Часть 1. Человек без рта
Глава 3. Мама, стринги – наше всё!

Оглавление

Утро. Еду в суд.

Маршрутка битком. Удалось сесть, да еще у окна. Имею полное право теперь посмотреть на уличных людей.

Школа. Вот со скорбной важностью идет тетка, по виду училка. Кулаки и рот сжаты, идет наставлять чужих детей. Себя никогда не спросит, как можно жить с таким сжатым ртом? Вот молодой еще совсем парень выпивает у ларька сто грамм мутной водяры или самогонки, идет дальше жить с помятым лицом и удовлетворенным видом.

Вот бабулька с трехлитровой банкой ждет машину с молоком. Подъедет молочник, она ему: «Что-то ты, Миша, сегодня поздновато, всегда в семь уже здесь…»

Улыбнется несколько заискивающе: от этого зависит, будет ли в следующий раз Миша ее ждать или уедет сразу. И придется ей тогда тащиться аж две остановки за литром молока, где подешевле, а то ведь в пакетах втридорога. Он пробурчит что-то вроде: «Да выехал как всегда, пробки же, опять Площадь перекрыли…»
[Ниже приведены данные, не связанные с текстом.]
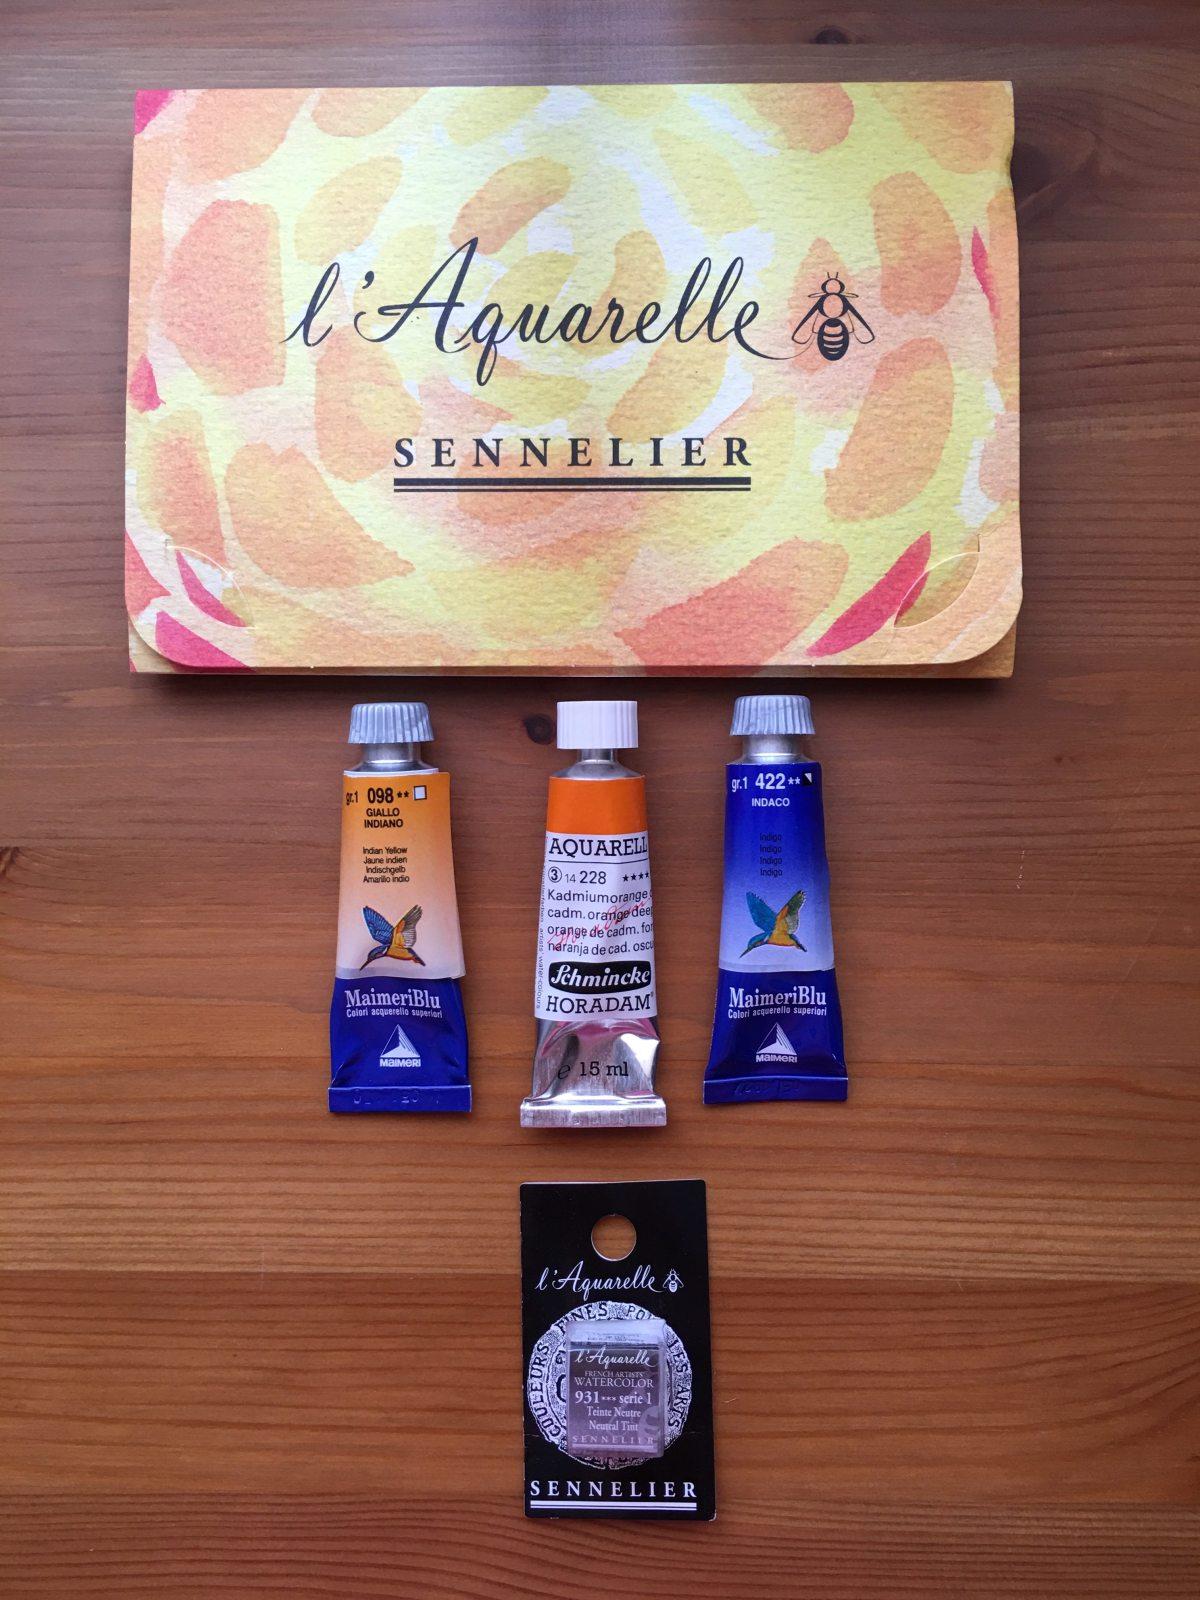 Schmincke, Sennelier, MaimeriBlu watercolour tube, pans and samples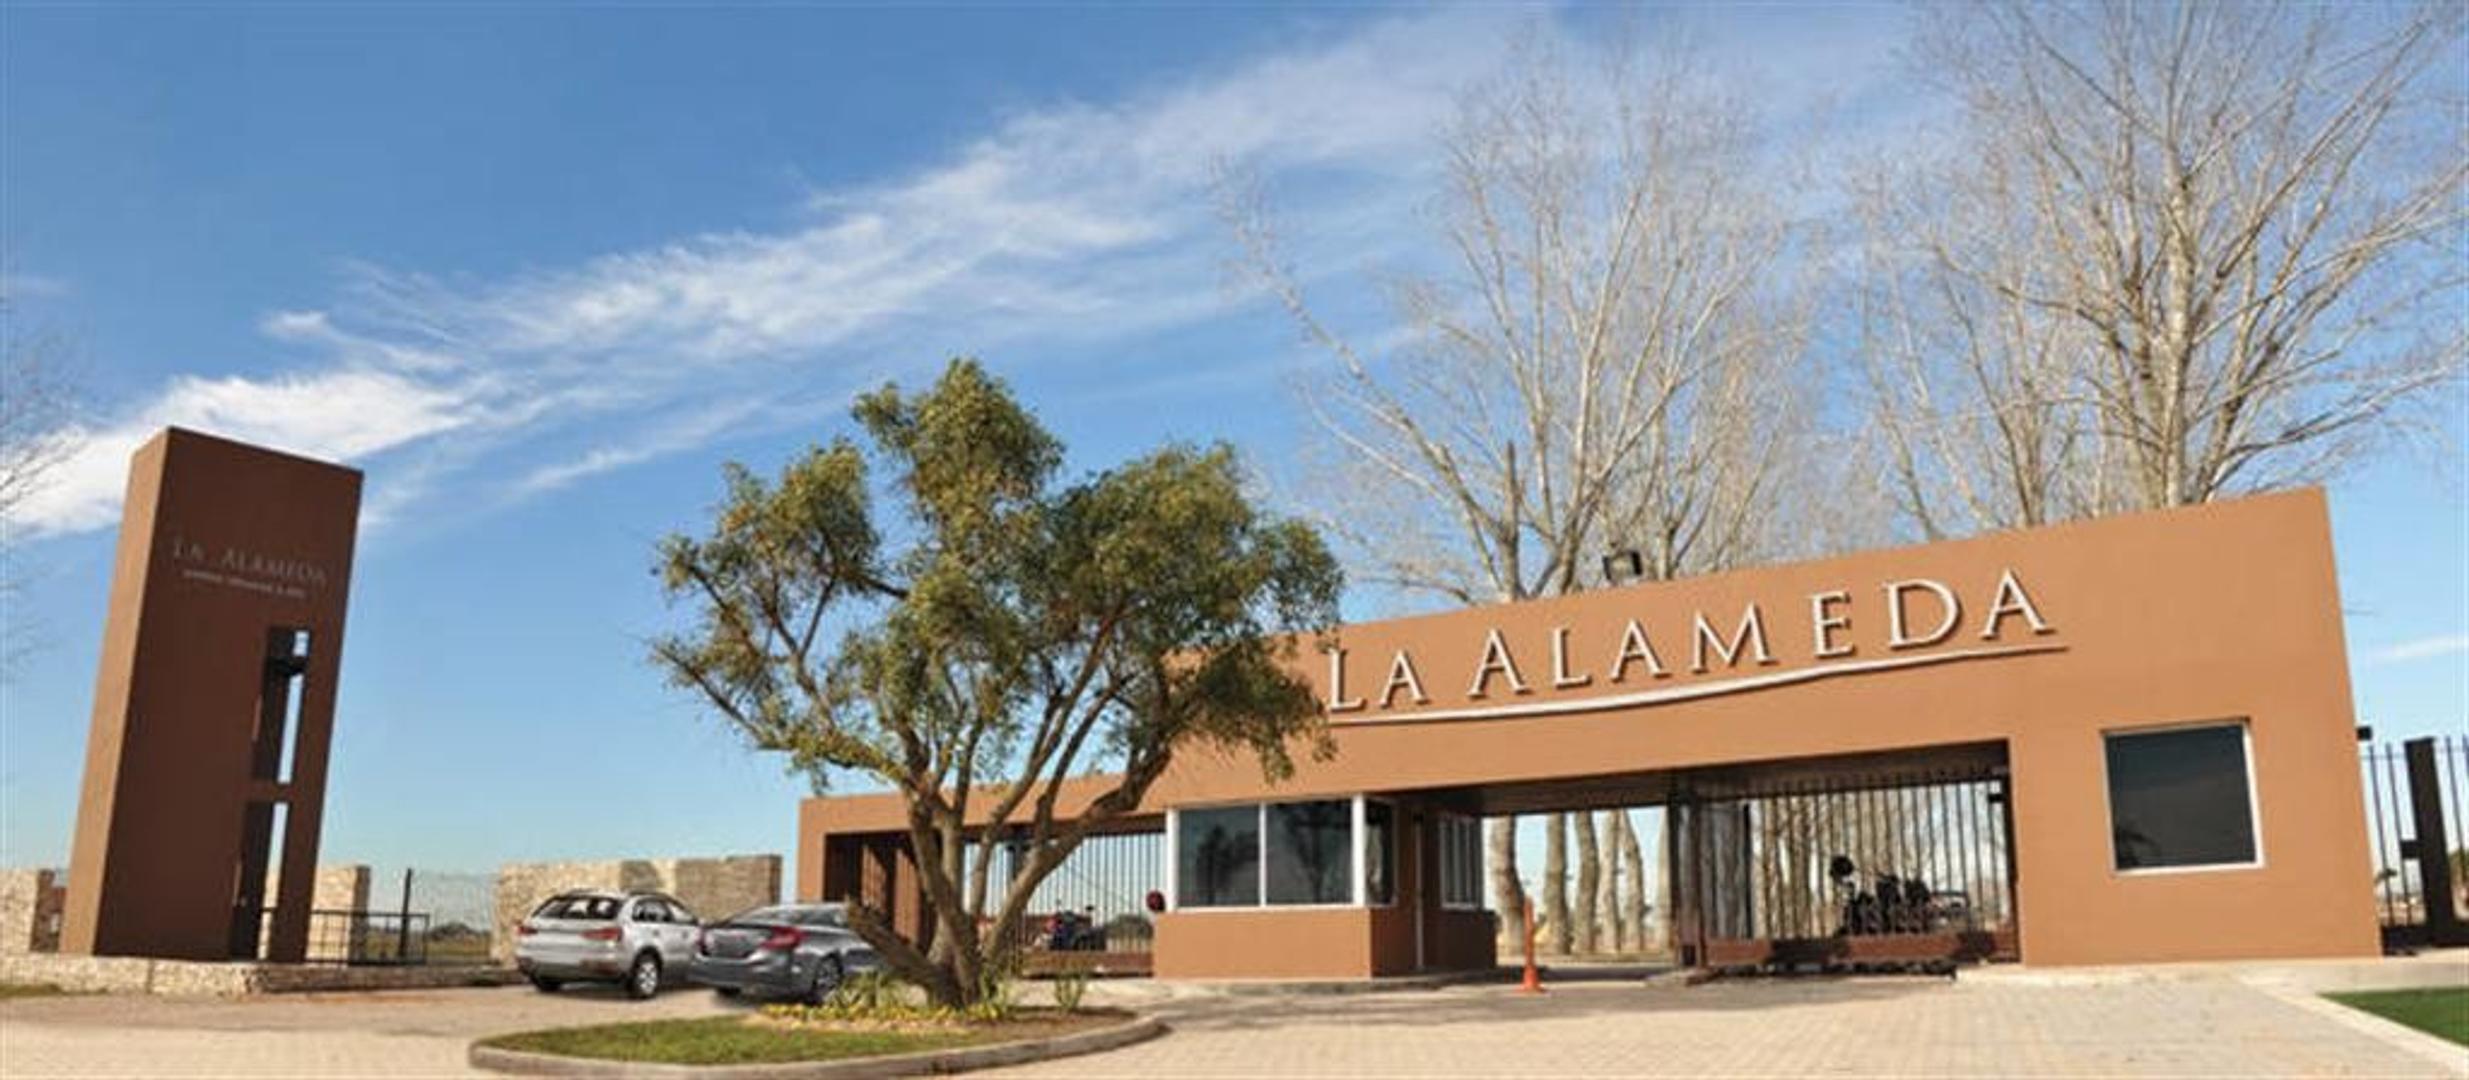 CANNING::LA ALAMEDA:BARRIO PRIVADO & SPA-LOTE ETAPA 1-POSESIÓN INMEDIATA

Разговора теперь им хватит на двадцать минут – пока обсудят нынешнюю непрочную власть: «Ах, Акаев, Ах, Бакиев…», пожалуются друг другу всласть и разойдутся. Бабулька пойдет по солнечной улице, войдет в калитку, тут же плеснет коту молока, остальное поставит кипятить, а тем временем любимый сериал уже идет…

Эх, мне вдруг захотелось оказаться на ее месте. По крайней мере, ей, несомненно, плевать на лицемерных коллег, грядущий развод, зашкаливающие эмоциональные срывы и гормональные всплески. Но если, конечно, это из телевизора, тогда да… А вот поликлиника, в которой вырастают наши дети, как выросли и мы. Вот мое имя на заборе, хотя прославляют совсем не меня.

А вот наглый дяденька характерного поведения. Благоухающий свежим перегарищем, сгоняет с сидения ребенка, заваливается, вынимает из кармана «Арабу»7 и начинает медленно, негромко вслух по-киргизски читать ее по слогам…

Иногда хочется спросить каждого члена этого «нового общества»:

«Дяденька, а Вы откуда? Сколько живете в этом городе, и стал ли он Вам родным? Помните ли вы его таким, каким помню его я: цветущим, молодым и очищенным от подсолнечной кожуры, от ваших харчков, сморчков и блевотины? Он тогда так и назывался – Фрунзе, что по-молдавски значит «Зеленый». Жители этого чудесного зеленого города извинялись, нечаянно задев вас локоточком, говорили «спасибо» и «пожалуйста» и не выкидывали из такси и маршрутки за то, что ты другой национальности…

…А почему бы вам, батенька, не вернуться в родные горные пенаты, задабривать и удобрять скупую в тех краях землю и оставить нас, обыкновенных киргизов и русских, плохо изъясняющихся на диалектах госязыка, жить как умеем. Этот город был моей родиной. Когда в нем не было вас…»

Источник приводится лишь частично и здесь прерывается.